I haven’t written anything on Poldark yet, but I’ve been thinking about it quite a bit. It has been dissed by people who don’t see it like I do - as a kind of strip cartoon; no pun on Aidan Turner’s physique intended. 


Some of the casting is a bit odd, as is the generic, “Westcountry” accent that directors always settle for, as if they think Cornwall is so far from civilisation that if they can’t be arsed to capture the Cornish accent with the precision routinely applied to the American one, no-one will notice.
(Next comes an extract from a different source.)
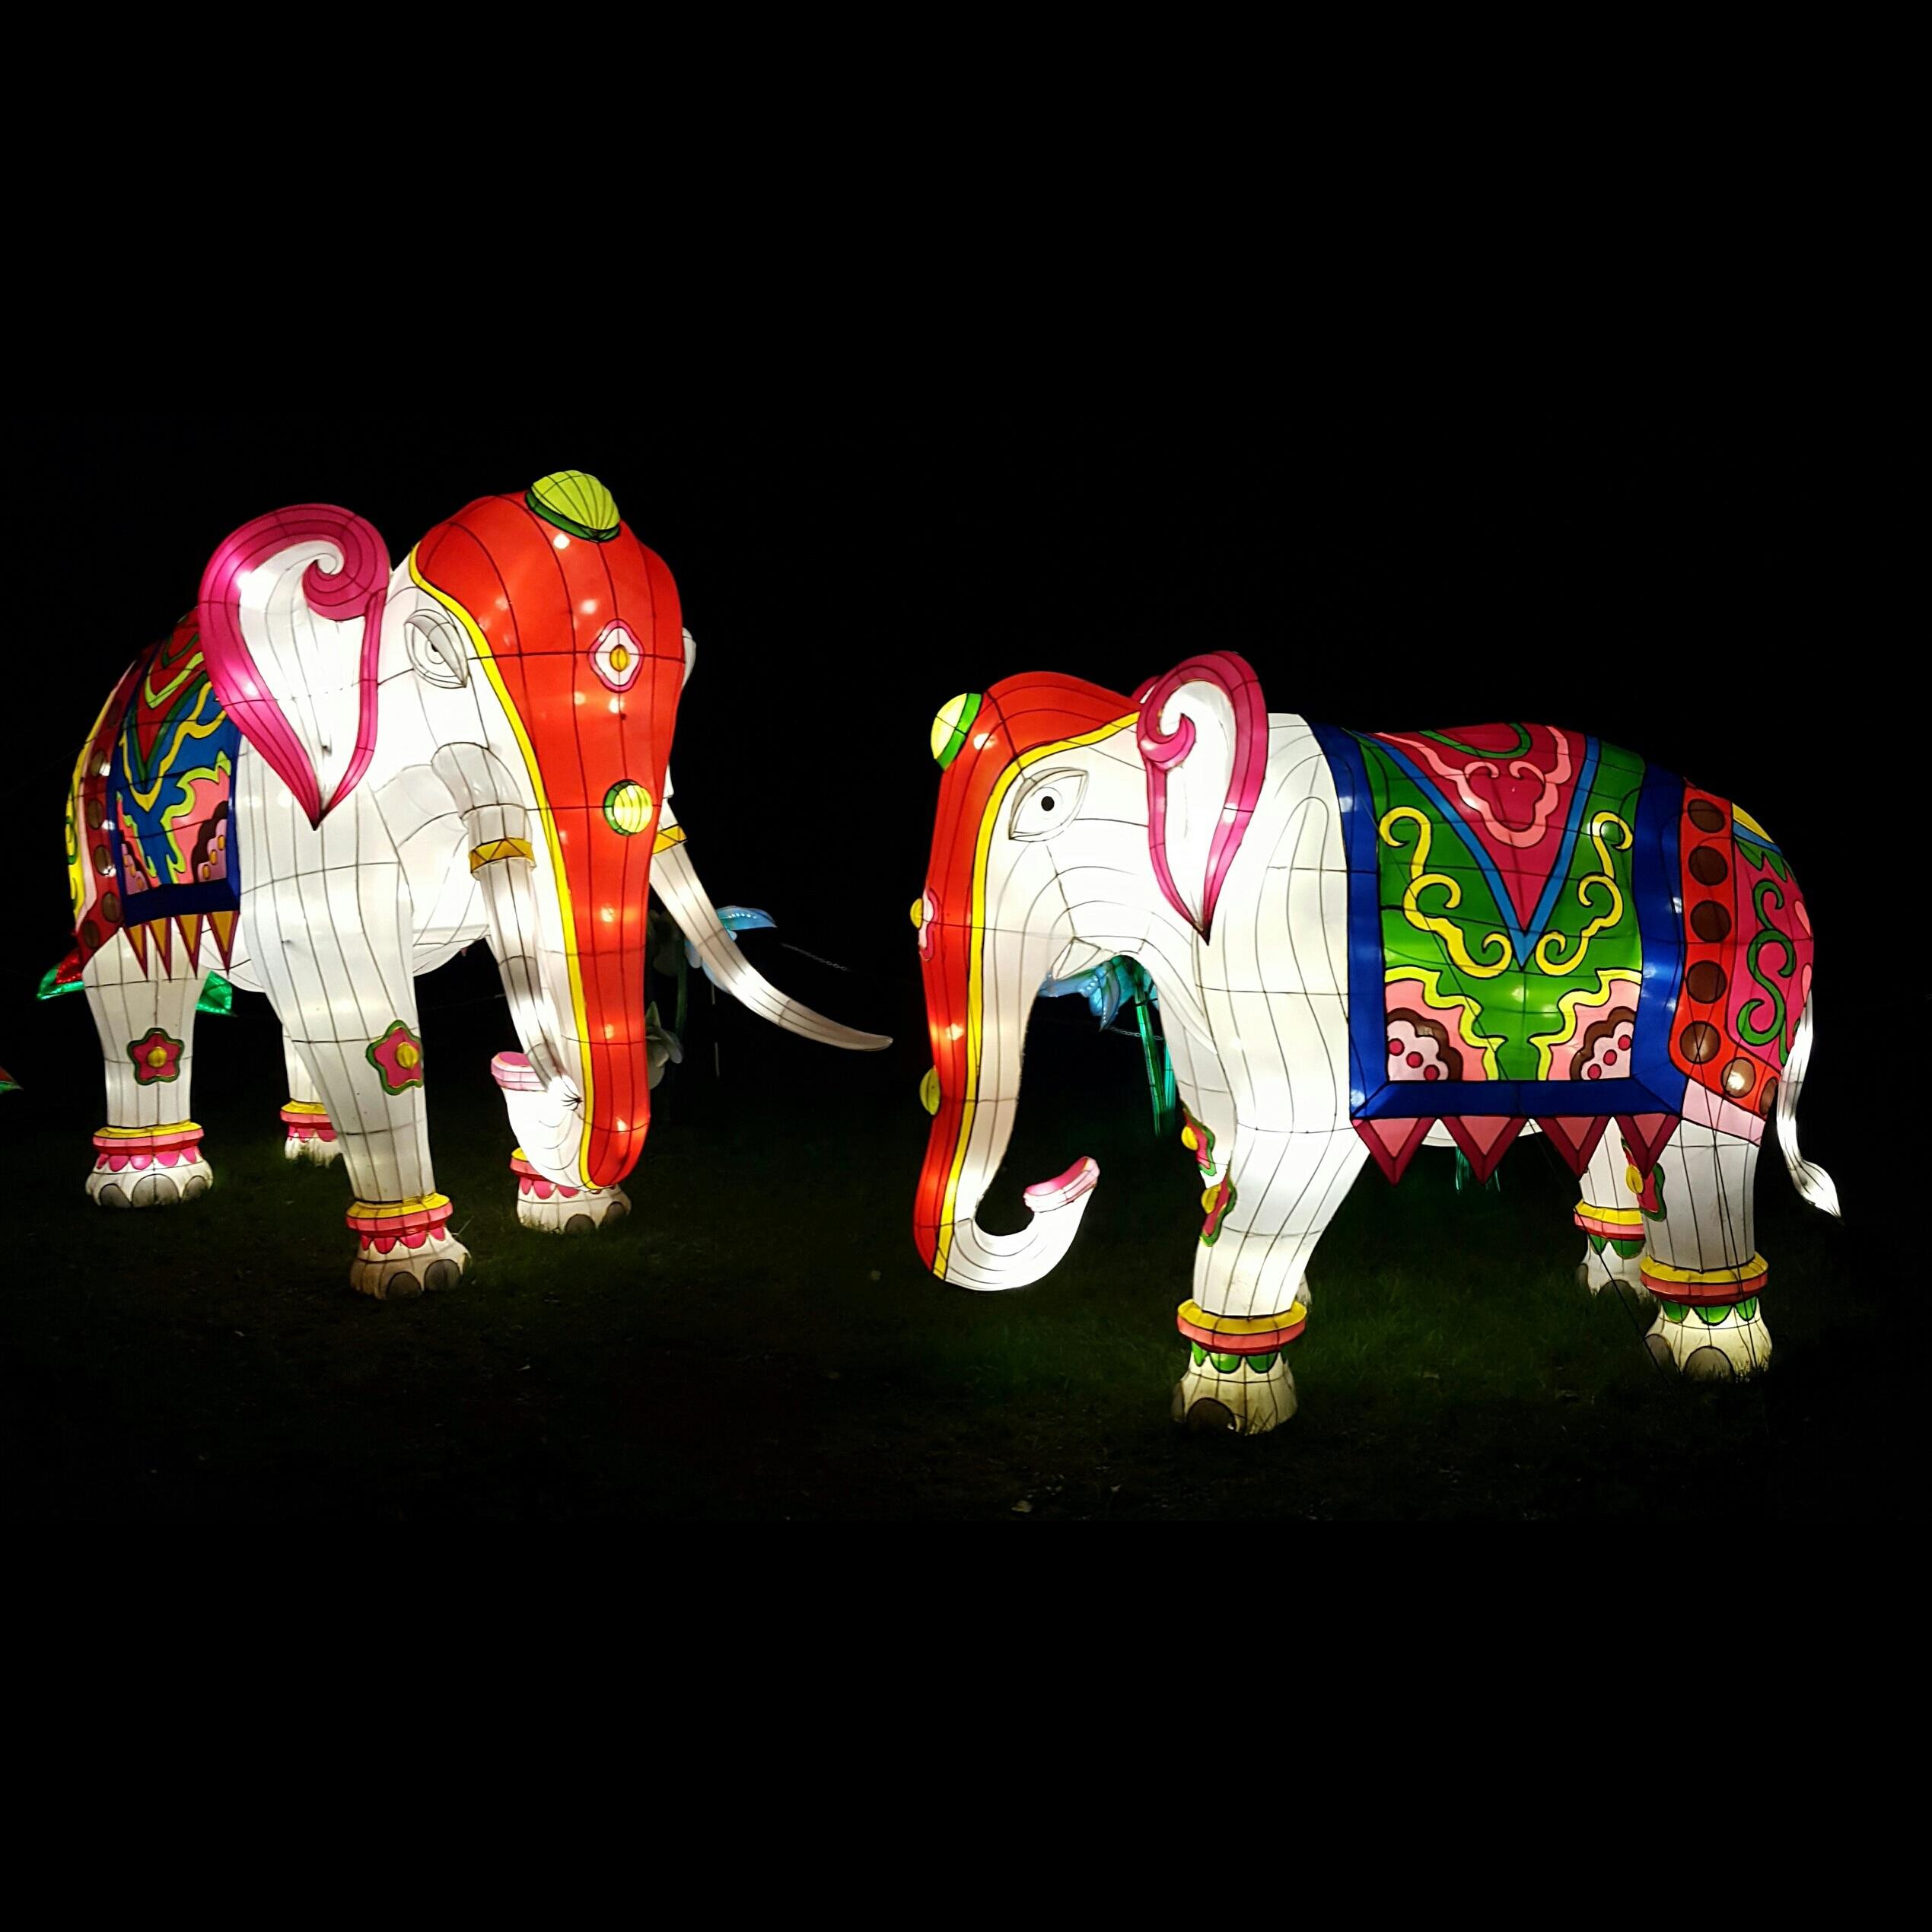 Gambar Outdoor Cahaya Dekorasi Artistik Mainan Seni

I have to say, however, that some of the Poldark cast have made a braver attempt at it than usual. 
Anyway, you need to suspend your disbelief and get into the spirit of the tricorn hat, the Cinderella-ness of the story and feast your eyes on the scenery. 

But what’s all this about ‘rape?’ 

Ross, the bugger! ‘e d’go down big ‘ouse, scat down the front door an ‘av ‘is wicked way w’lizabeth. 

Hence the outrage. What’s the BBC trying to do? Make it look as though  all women mean yes when they say no? Make it look as though, when raped, they all ‘want it’ really. 

No, not really. It’s all in the story. It’s panto. Ross and Elizabeth have a smouldering longing for each other, but poor Elizabeth, like many other female heroines of the era, must suppress her desire. Convention has forced them to pretend their relationship is purely platonic because, when everyone thought Ross was dead, Elizabeth became engaged to Francis and Ross married Demelza. See? Simples. 

Anyway I mention that only because it illustrates the new definition of rape, which seems to have invaded our culture and caused no end of exaggeratedly prudish moral indignation. 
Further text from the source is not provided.